# How to use cracking the coding interview

Usually in CIB, we mark a node as visited by setting a visited flag in its node class. Here we

don't try to do that (there may be multiple searches at the same time, so it's bad

to directly edit our data). In this case, we could mimic node marking with a hash table to

Search node ID and how to use cracking the coding interview whether it was visited or not.

Other follow-up questions:

»In real life, servers crash. How does this affect you?

»How can you take advantage of caching?

»Searching to the end of the graph (unlimited)? How do you decide when to give up?

»In real life, some people have more friends than others, so

a path between you and someone else is more likely. How you can use this data

choose where you start to cross?

Follow-up: What if we only have 10MB of memory?

A missing integer can be found in just two steps of the data set. We can part

integers in blocks of a certain size (we'll discuss how to decide a size later). Let's go mar¬

Suppose we divide the integers into blocks of 1000. So, block 0 is equal to the numbers

0 to 999, block 1 is equal to blocks 1000-1999, etc. Since the internal range is limited, we are

Know that the number of blocks required is limited.

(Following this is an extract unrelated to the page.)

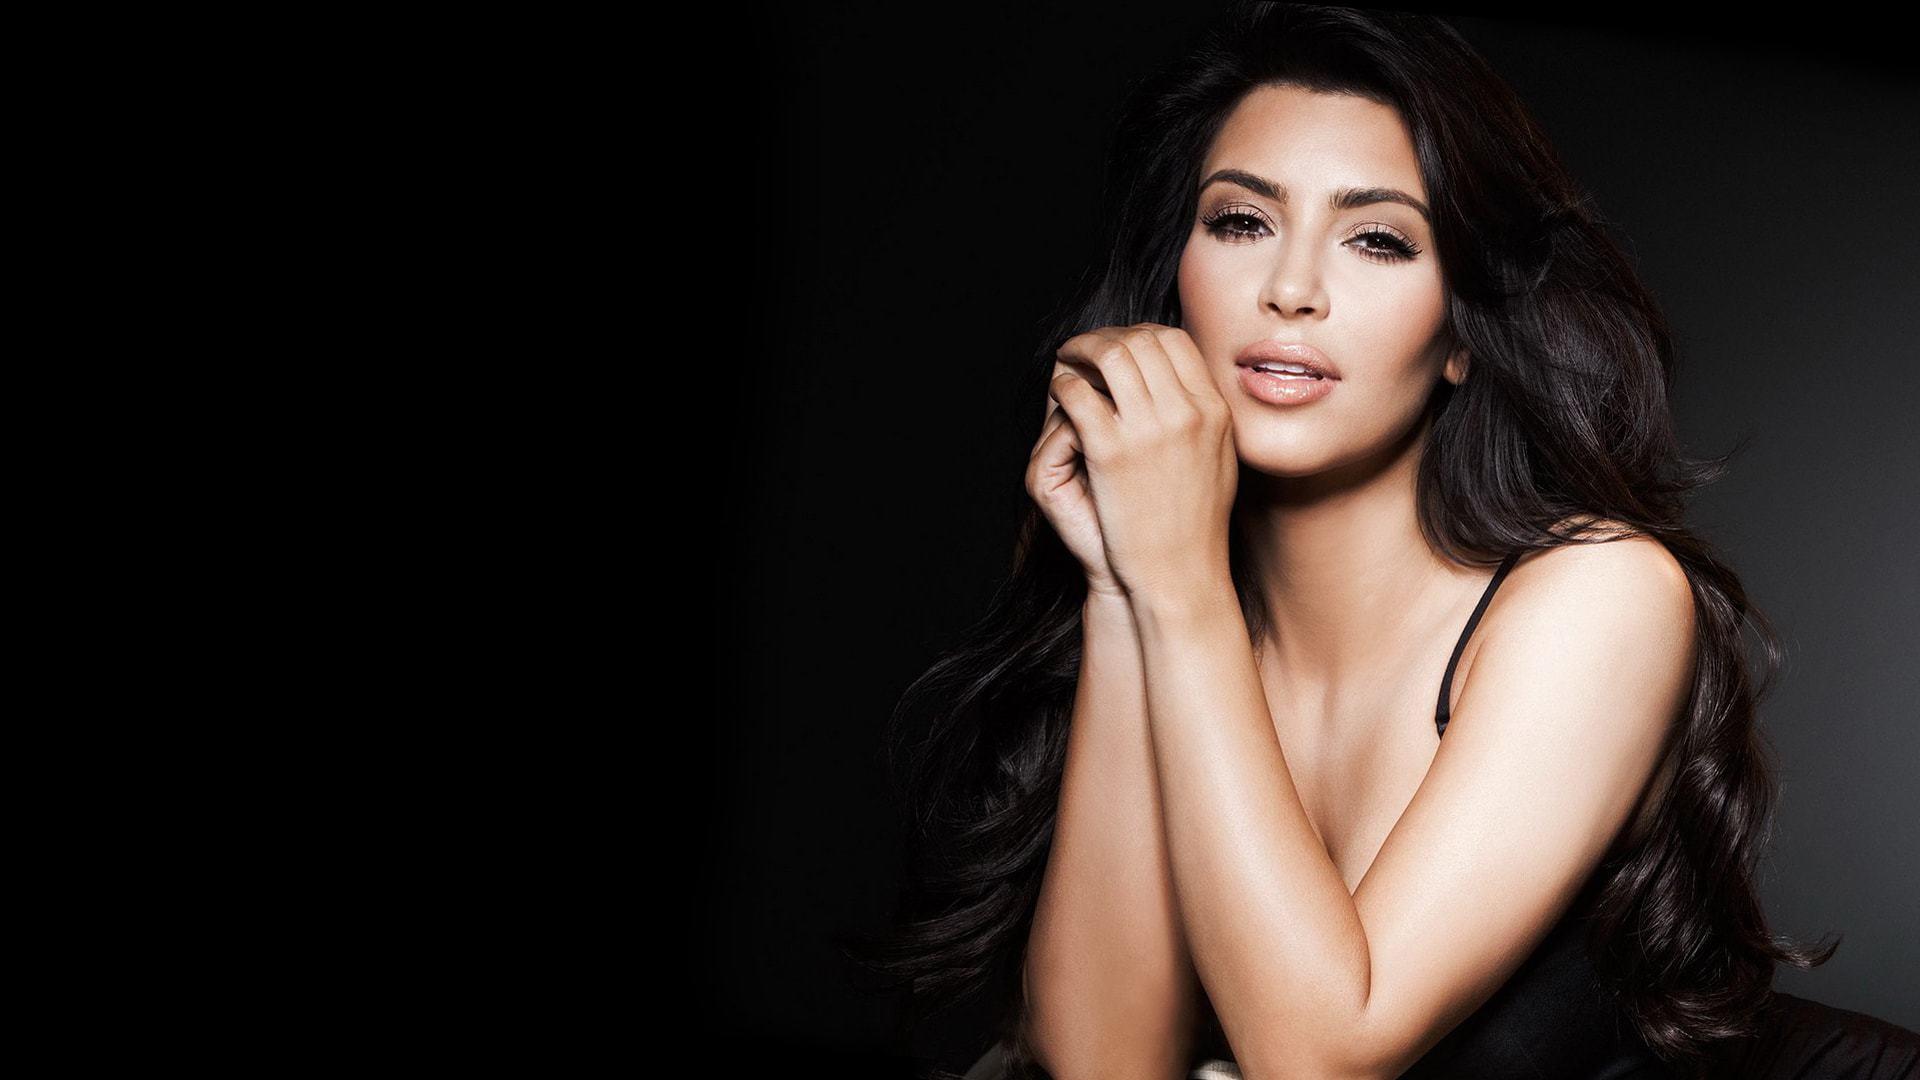 Kim Kardashian High Definition Wallpapers

In the first pass, we count the number of interiors in each block. That is, if we see 552, we know

that in block 0, we make an incremental counter [0]. If we see 1425, we know that it is in a block.

1, so we increase the increment].

At the end of the first pass, we can quickly see a missing block of a number. Both of them

our block size is 1000, so any block with less than 1000 numbers must be missing

number. Select any of those blocks.

In the second pass, let's really see what number is missing. We can do this through framework¬

Simple bit vector of size 1000. We go through the file, and for each number a

It should be in our block, we set the appropriate bit in the bit vector. Eventually we will know

what number (or numbers) are missing.

Now all we have to do is decide the size of the block.

The quick answer is a value of 2 A 20 per block. We will need a set with 2 block counters 12 A and

vector bit in 2 bytes 17. Both of these things can comfortably fit in 10 * 2 to 20 bytes.

What is the smallest footprint? When the same memory is in the range of block counters

as the bit vector. Lig N = 2 A 32.

First, how is the tracker looping? The answer is very simple: when we re-analyze

page already analyzed. This would mean going back to all the links found on that page, and this

it would continue to be circular.

Be careful what the interviewer considers the "same" page. Is it a URL or content? One

it could be redirected to a previously crawled page.

So how do we stop visiting a page that has already been visited? The web is a graph-based structure,

and we commonly use DFS (first deep search) and CIB (first wide search) for crosses

graphics. We can mark previously visited pages in the same way as we would in CIB / DFS.

We can easily show that this algorithm ends anyway. We know that every step

The algorithm will only analyze new pages that have not yet been visited. So if we accept that

we have an unexpected number of https://crackingthecodinginterview.co/ pages N, then we decrease N (N-1) in I. that in each step

prove that our algorithm will continue until it is only N degrees.